Is Judge Sonia Sotomayor a socialist?

Steve Waldman at Beliefnet was one of the first to point out that the White House has circulated Judge Sotomayor's 1976 Princeton yearbook entry, in which she quotes Norman Thomas. Citing Wikipedia, Waldman calls Thomas, "The leading American Socialist politician of the 20th century."

Actually, Wikipedia now describes Thomas as, "a leading American socialist, pacifist, and six-time presidential candidate for the Socialist Party of America."

There are a few problems with the potential tempest in a teapot that such a citation may stir up during the Judge's confirmation hearings.

First off, catching this socialist quotation is just a "gotcha" moment, not a serious review of any of the Judge's political attitudes.

But more to the point, we have a theory about how the Judge got this quotation.

The end of the Wikipedia entry on Thomas notes that a dedicatory plaque in the Norman Thomas '05 Library at Princeton University's Forbes college reads:
Norman M. Thomas, class of 1905.
"I am not the champion of lost causes,
but the champion of causes not yet won."
The Judge's use of this quotation cuts two ways with us. First it suggests to us that she scrambled for a last minute quote for her yearbook entry and picked one from the wall of a library.

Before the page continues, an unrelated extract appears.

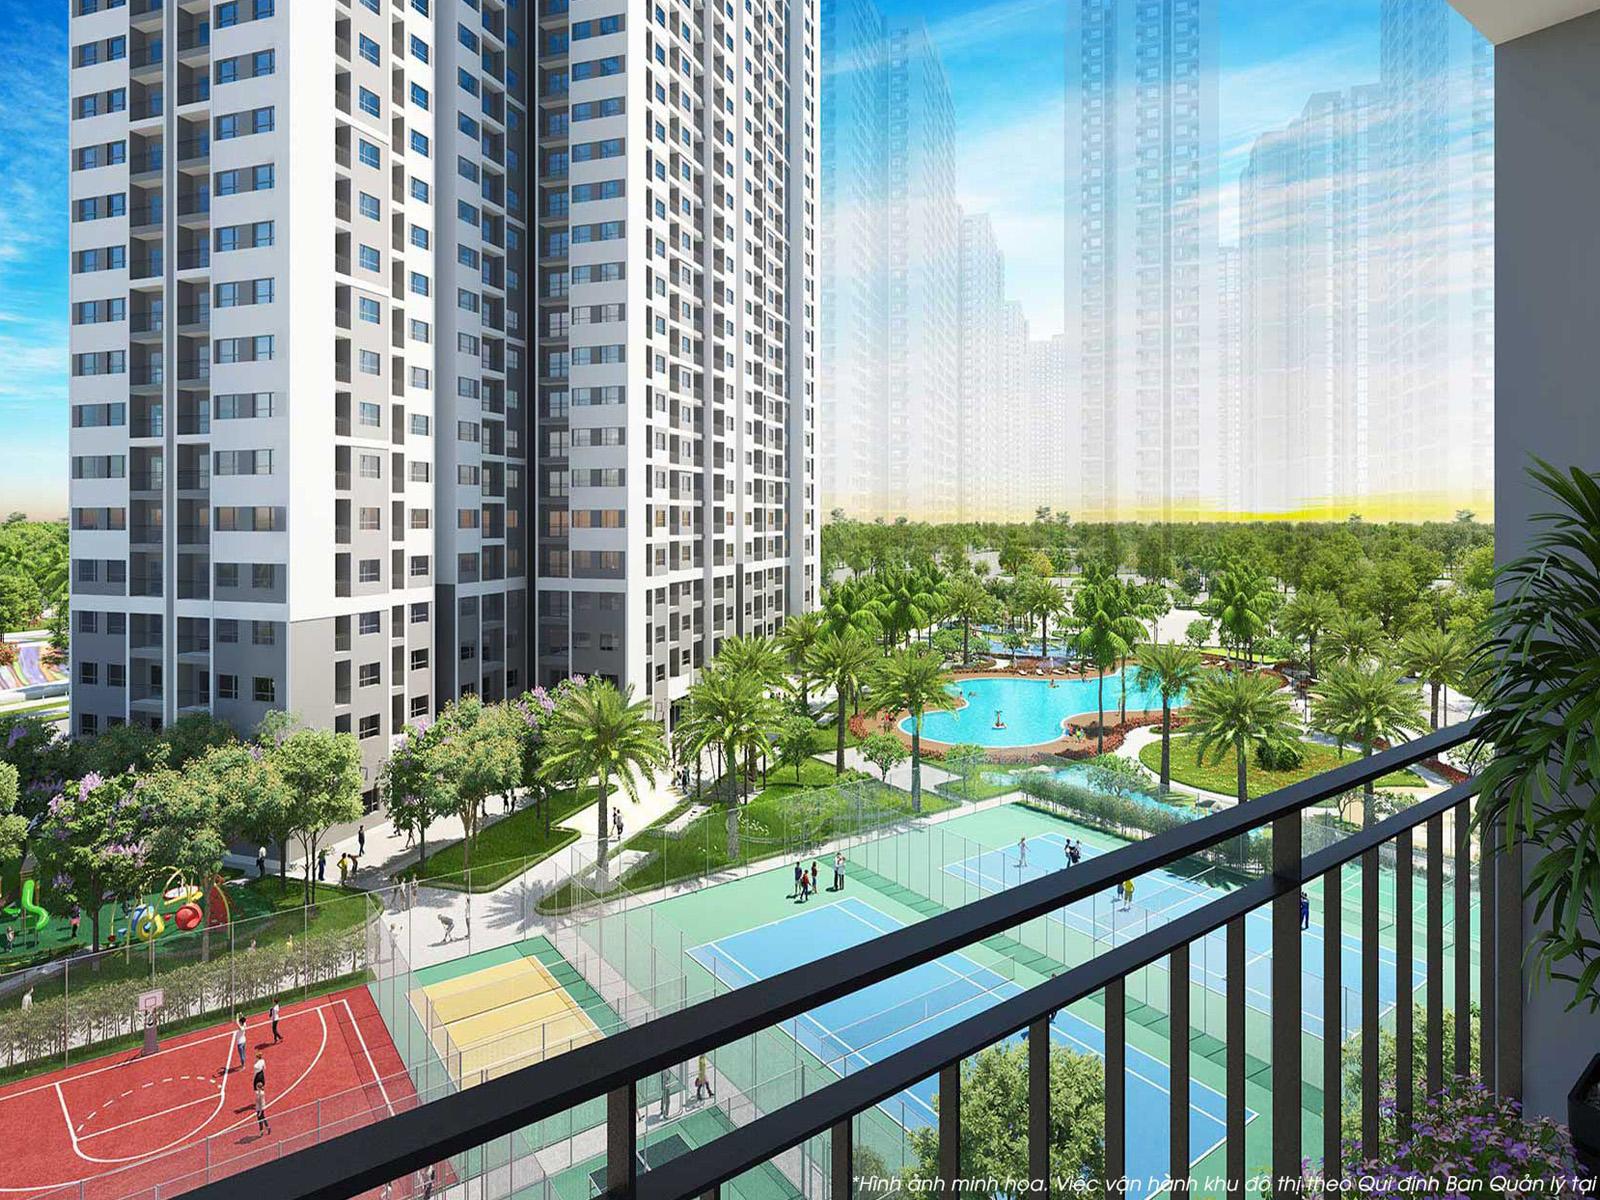 <text bình thường> Phân khu Sapphire 3 Sapphire 3 sở hữu 3 tòa tháp cao tầng (S3.01;S3.02;S3.03), đặc biệt, mật độ xây dựng thấp - chỉ 19 căn hộ/ sàn giúp cư dân có không gian sinh hoạt thoáng đãng và thoải mái.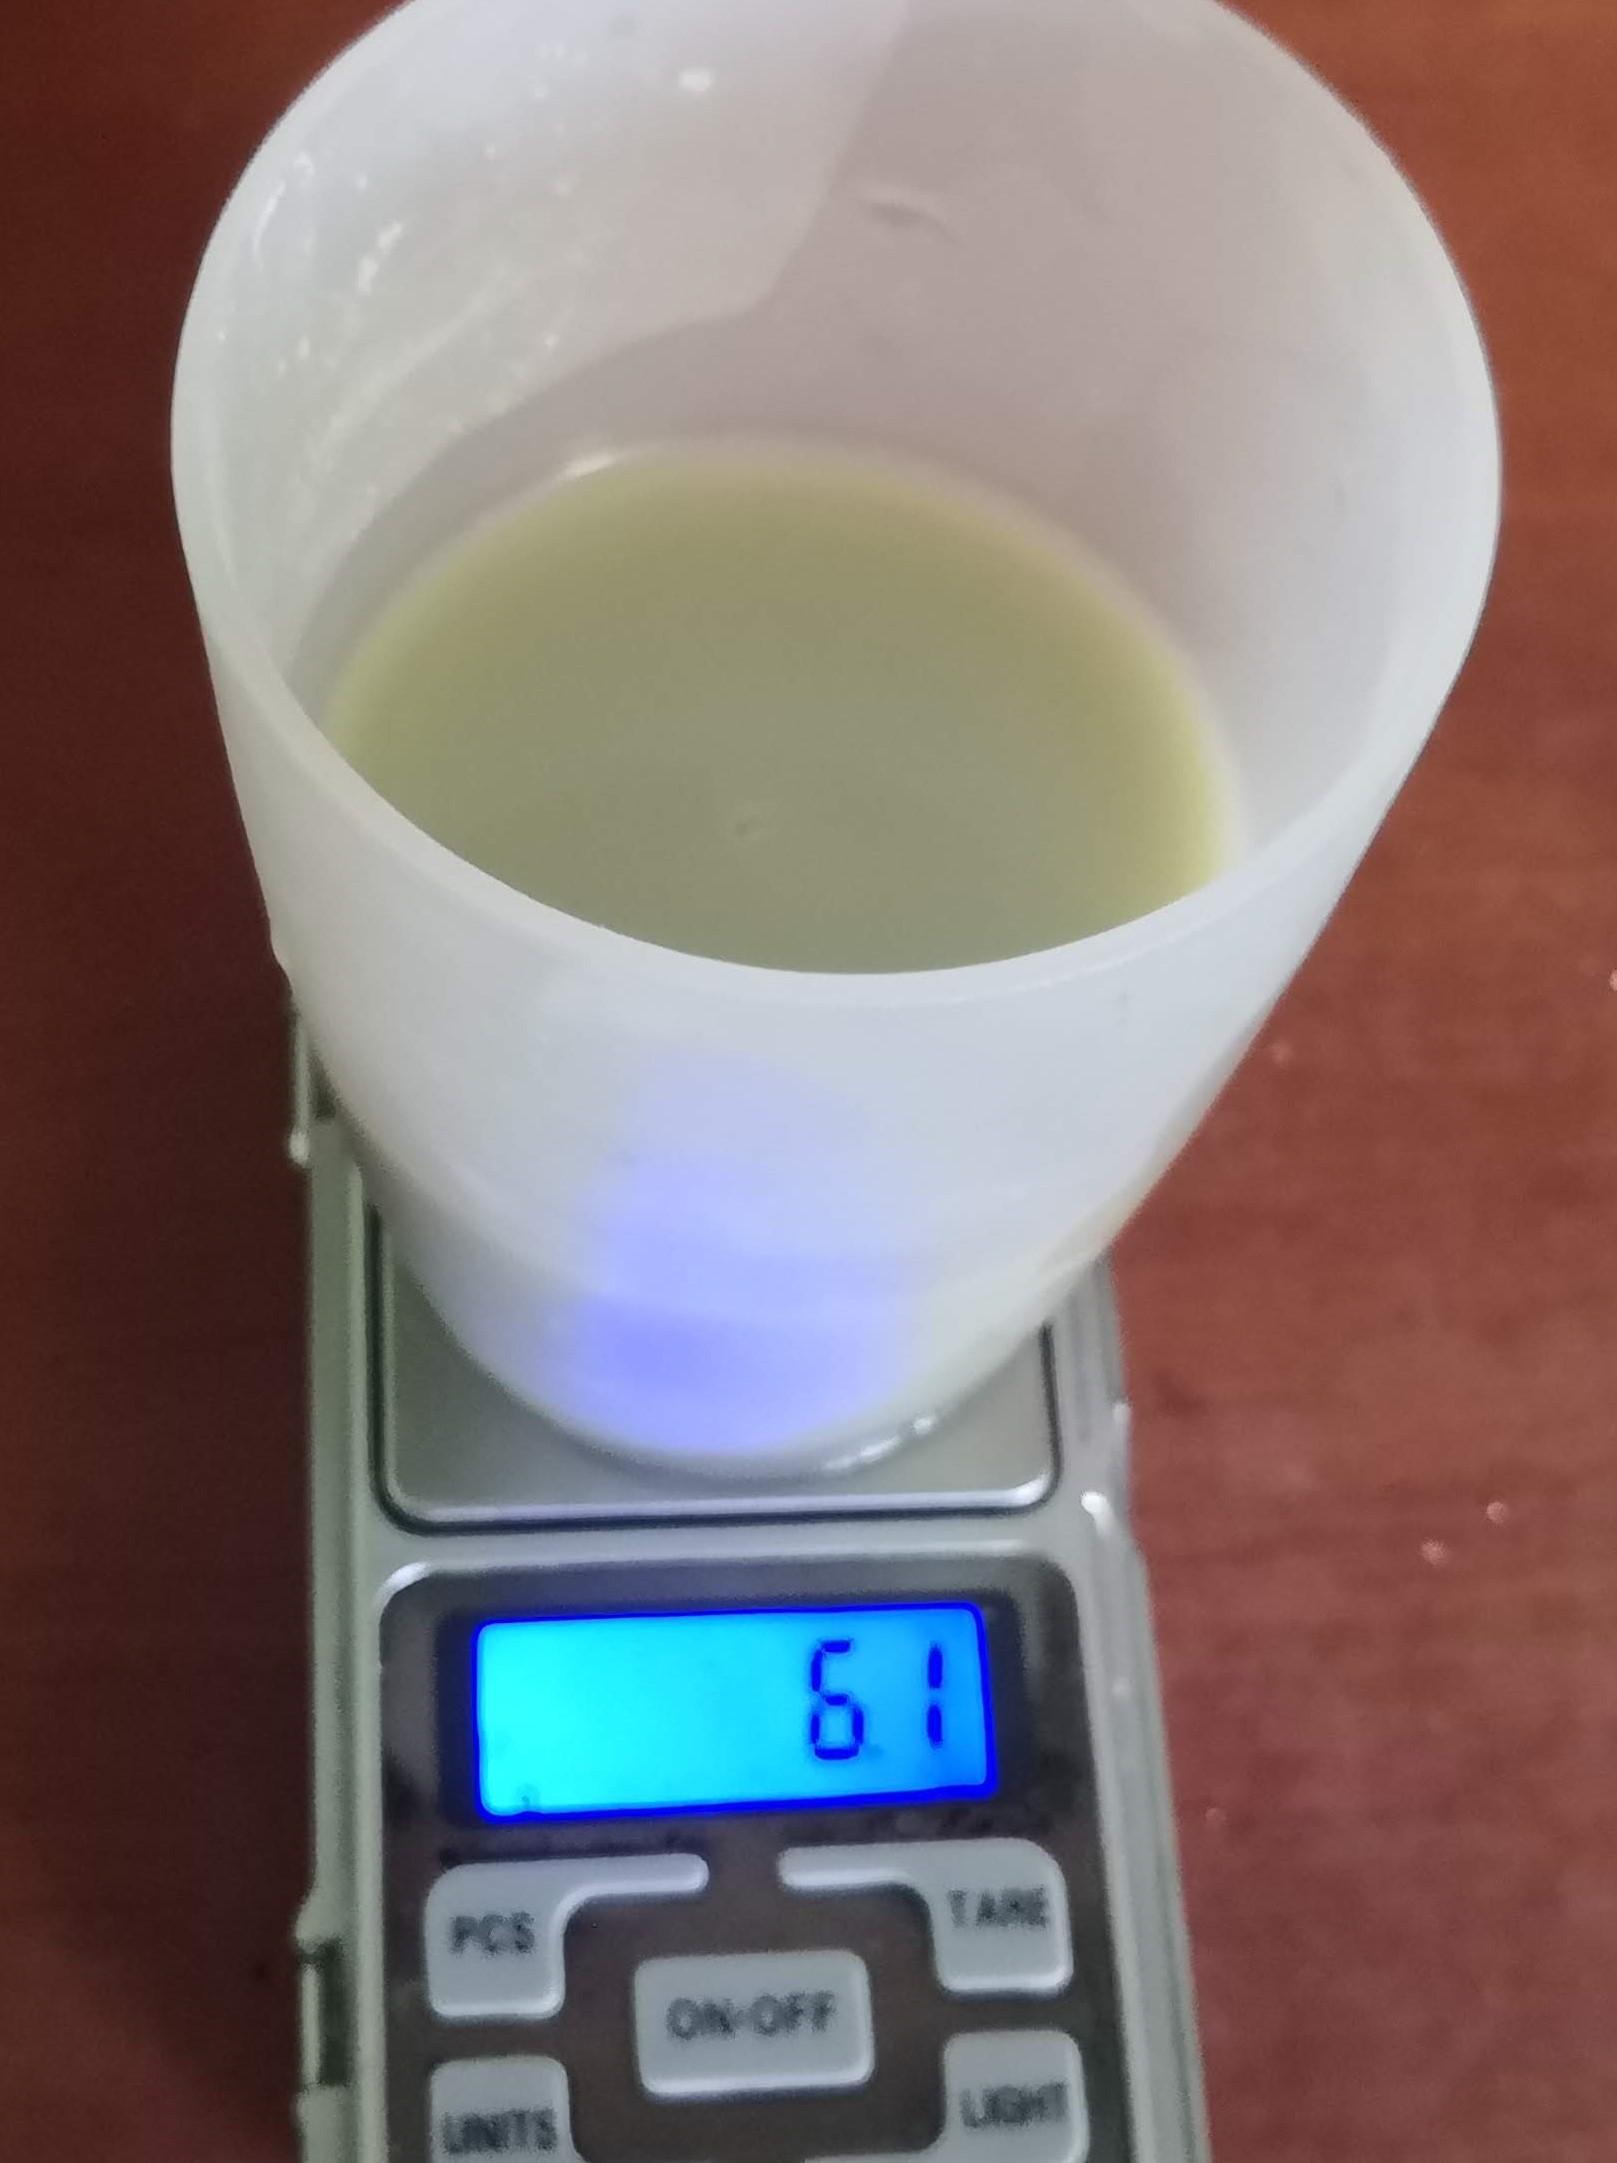 Odvážení OxyBioAkva na váze pro 300 litrové akvárium

But then, on the positive side, this confirms to us that Sotomayor was one of those students at Princeton who actually entered a library. As this professor can attest, many students he's taught did not know where any of their campus libraries were located.

But then again, this small library is in the Forbes residential college; it is not Princeton's main library. The Norman Thomas 1905 Library at Forbes College, "Contains a general collection, reference books and periodicals, as well as an extensive science fiction collection."

Admittedly, there are plenty of problems with our library-plaque-quotation theory. We don't know if there was a library at that residential college in 1976. And we don't know if there was a plaque up during that time. Prior to 1984 (from 1970 to 1983) the college was called the Princeton Inn College, and its residents were called "Innmates." We further don't know if Sotomayor was a resident of that college. It's a weak theory.

So, having explored all that, let the confirmation hearing socialist quotation gotchas begin.


Richard said...

In 1907 David Ben-Gurion joined the Zionist Socialist movement. Golda Meir was the head of the Socialist Mapai party. The most celebrated Israeli general Moshe Dayan was born to a Socialist family. The Kabutz communities were based on Socialism. Come to think about it, without Socialism Israel would have never come into being.

There is no shame in the label, rather it is a badge of honor.